Tuesday, December 24, 2013

The Silent Wife by A. S. A. Harrison

I mentioned The Silent Wife the other day on my list of 2013 titles I'd wanted to get to before the year was out, saying that I'd actually started the book the night before posting the blog. I can now cross it off my list but I have to admit that this is one that didn't totally go over well for me.

Jodi and Todd have been together for decades. She supports him wholly even going so far as to look the other way when he strays. In the end she knows that he will always return to her. Their relationship survives by unspoken agreement - transgressions will not be spoken of. And Jodi gets her revenge in small ways. For Todd, Jodi is his rock. She's dependable and solid. But when one of Todd's affairs goes too far, Jodi is pushed to the brink.

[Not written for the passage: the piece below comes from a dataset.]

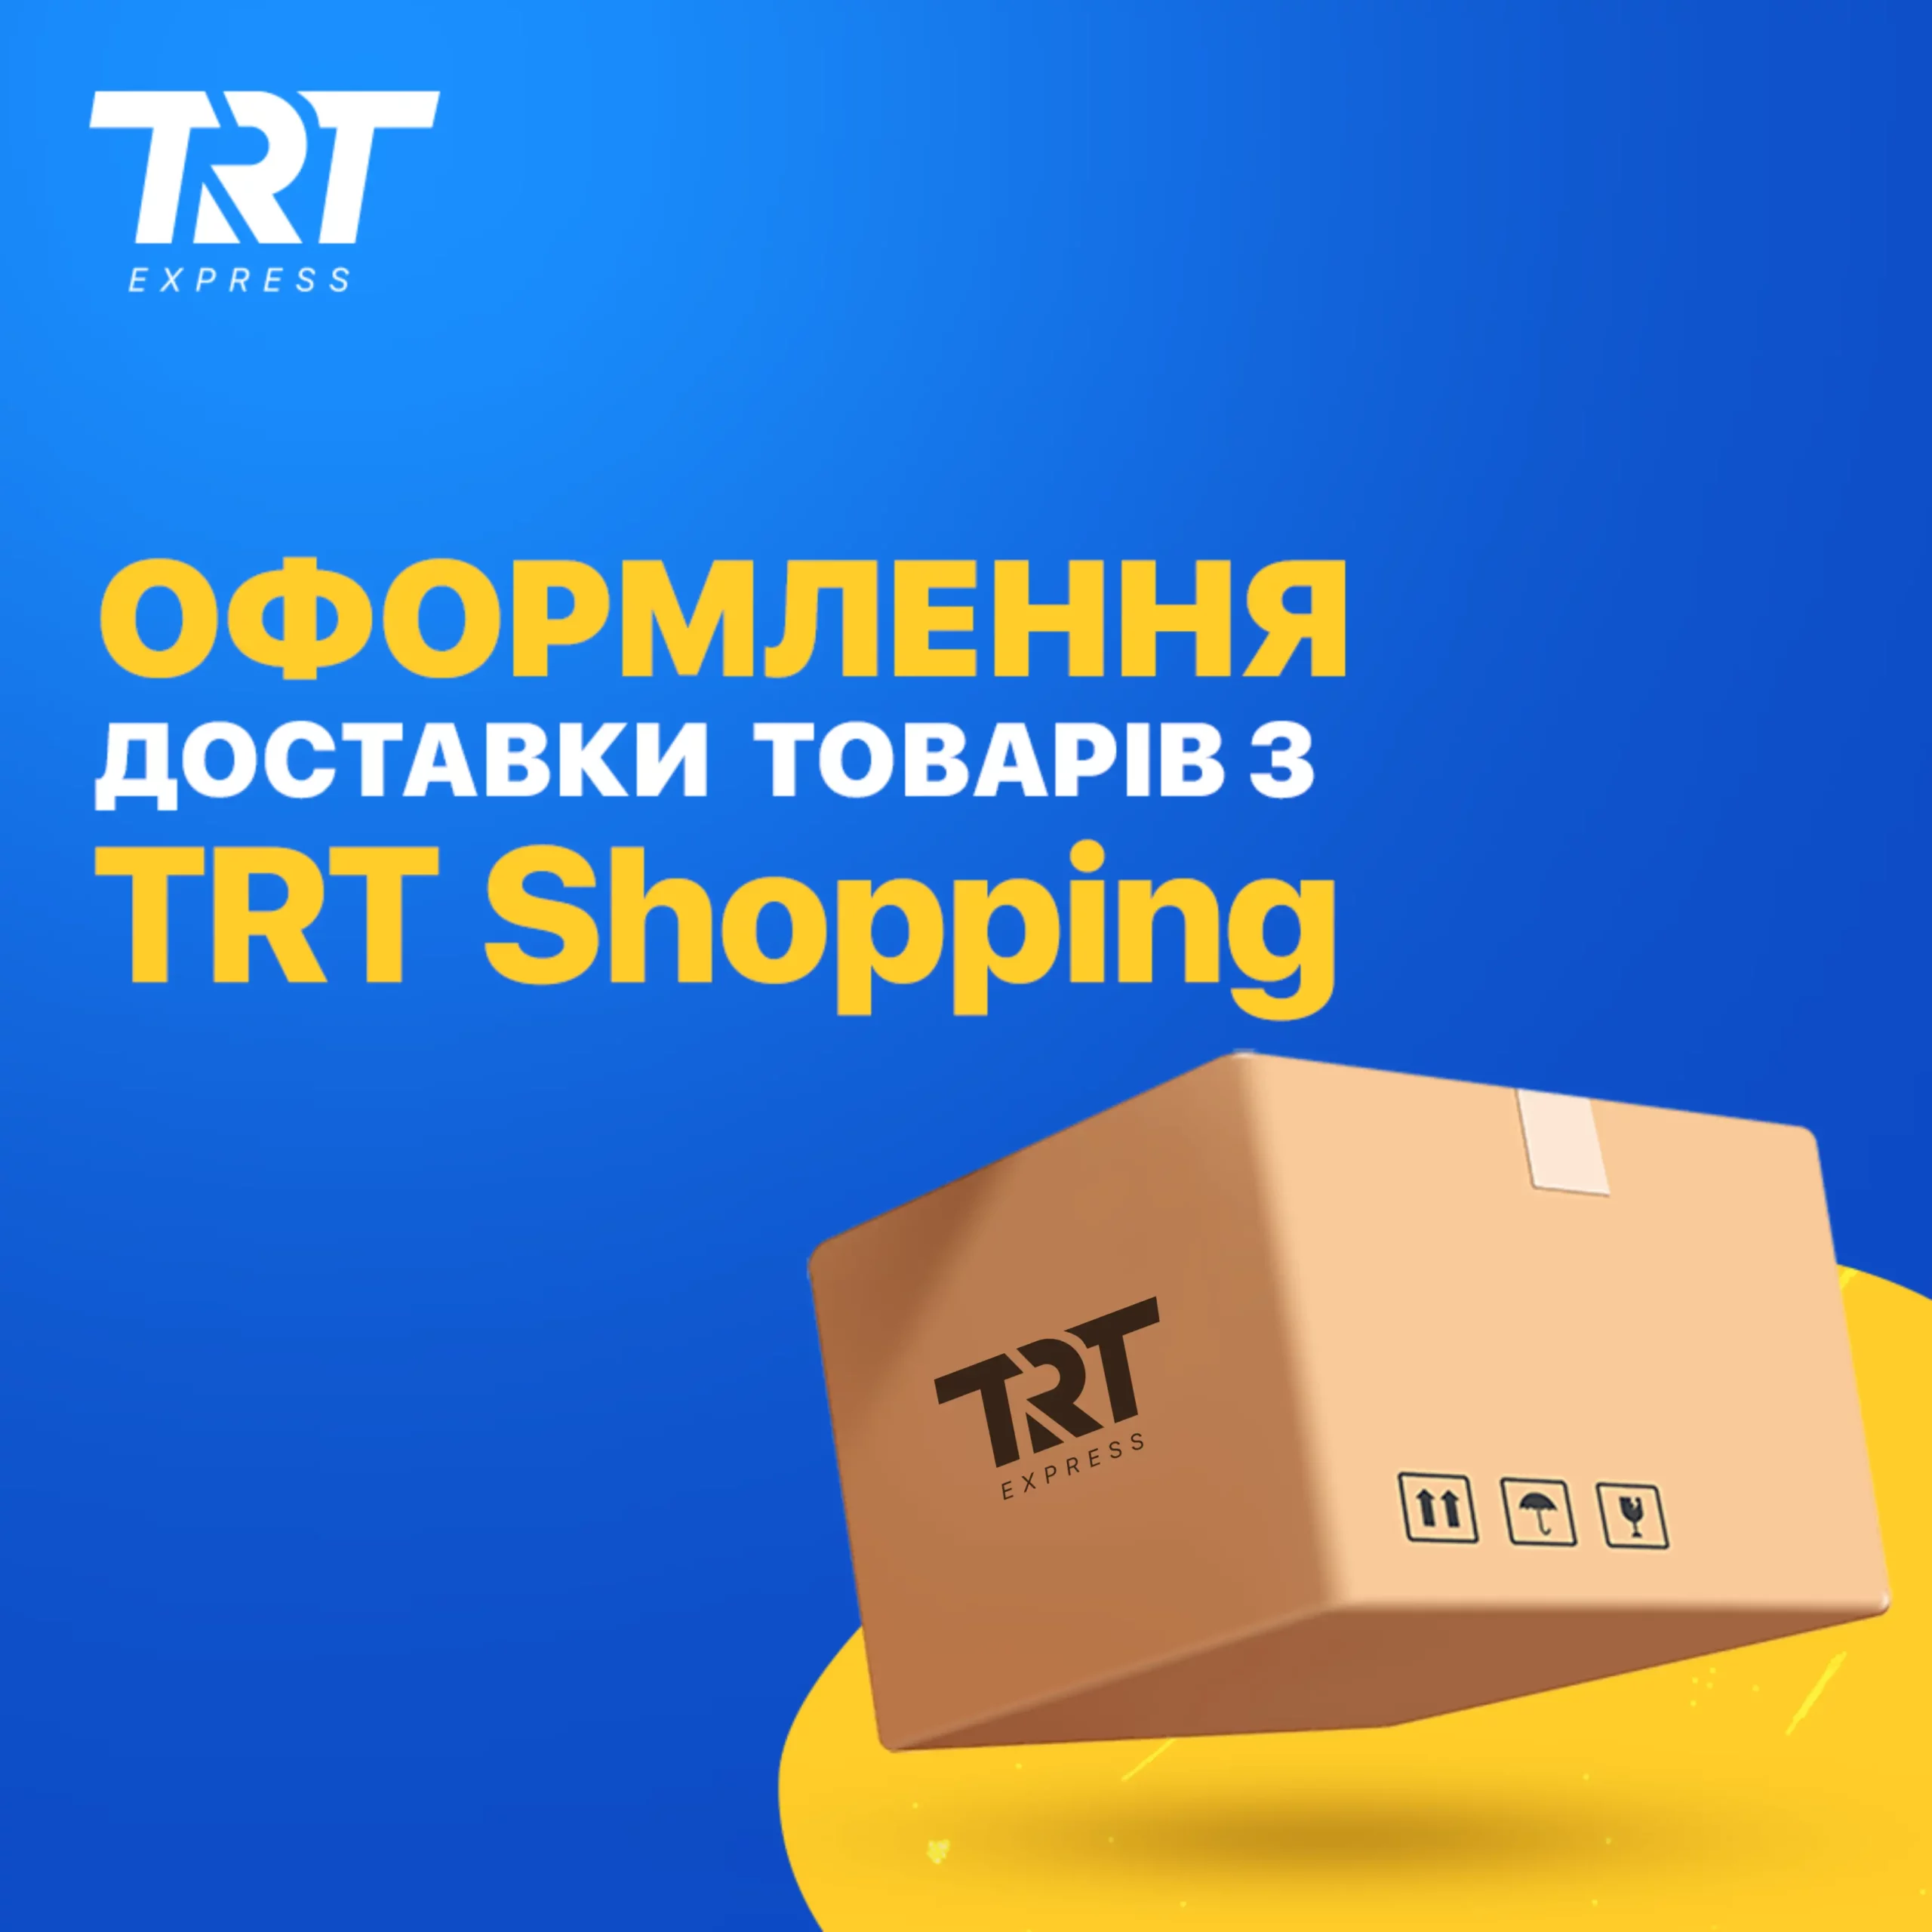 TRT Shopping
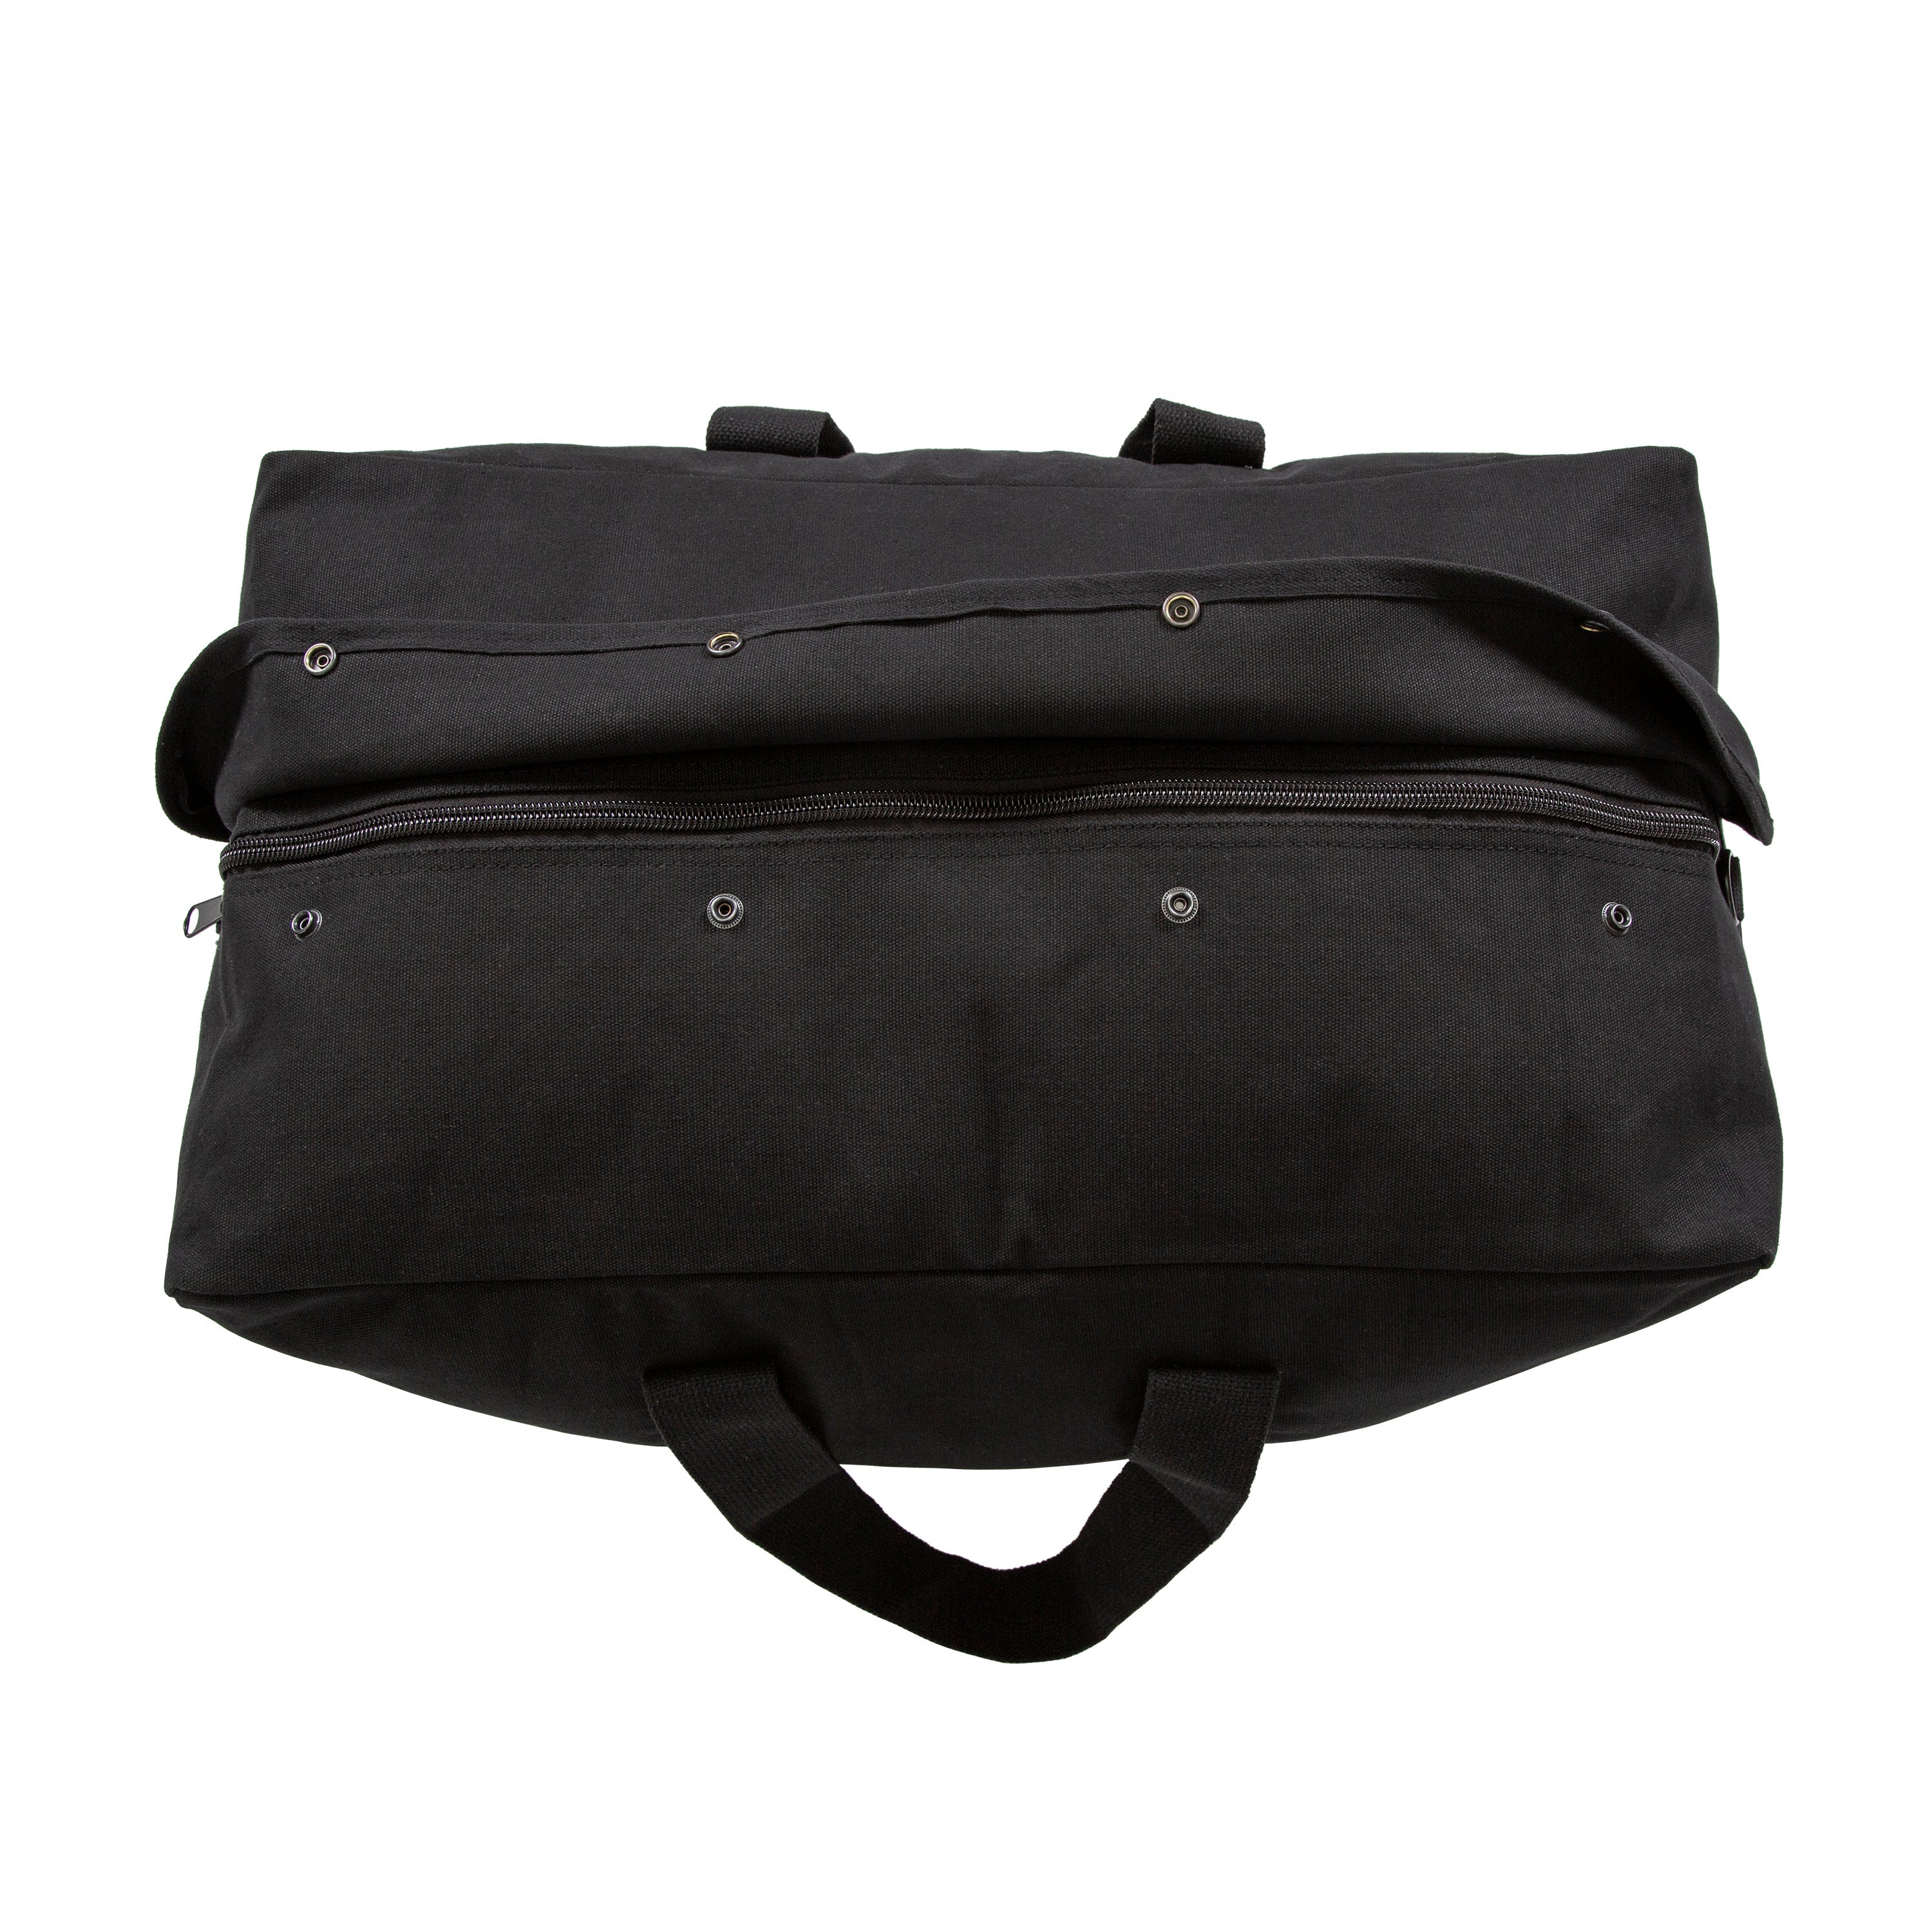 Parachute/Cargo Bag - Black

A. S. A. Harrison has written a book that really took a lot of out of me in the reading. My emotional response to this was pretty off the charts. One could say that the author has succeeded then in drawing me in and eliciting such a reaction, but it wasn't pleasant. I don't think I can say I enjoyed the majority of The Silent Wife.

The writing is wonderful and Jodi and Todd are perfectly built. I found them both so dislikable that I would go so far as to say their behavior is reprehensible. Yes, I know readers are comparing this to Gone Girl and I loved Flynn's latest. In fact, as dislikable as the characters truly are in Flynn's release, I would actually say that I had moments of liking them. They were agreeable at times even when the reader knows they're untrustworthy. Here, though, Jodi and Todd both drive me batty! Her sitting by and watching as he continues to manipulate and take her for granted and his almost simpering way of praising her all the while rationalizing his behavior towards her.

To discuss much more in terms of the specifics would give away the story but suffice it to say that while The Silent Wife is worthy of all of its praise and I would very much have loved to see more from Harrison, who sadly passed away this year, it wasn't until the final third of the book that I felt like it was really paying off. Anyone who has read it can probably figure out the exact turning point for me and it was kind of the book's saving grace. I was all set to really dislike this one completely until that point in the story.

I'd recommend this one to readers who aren't afraid to dive into a book with the kind of characters I've summed Jodi and Todd up to be and fans of twisted psychological suspense.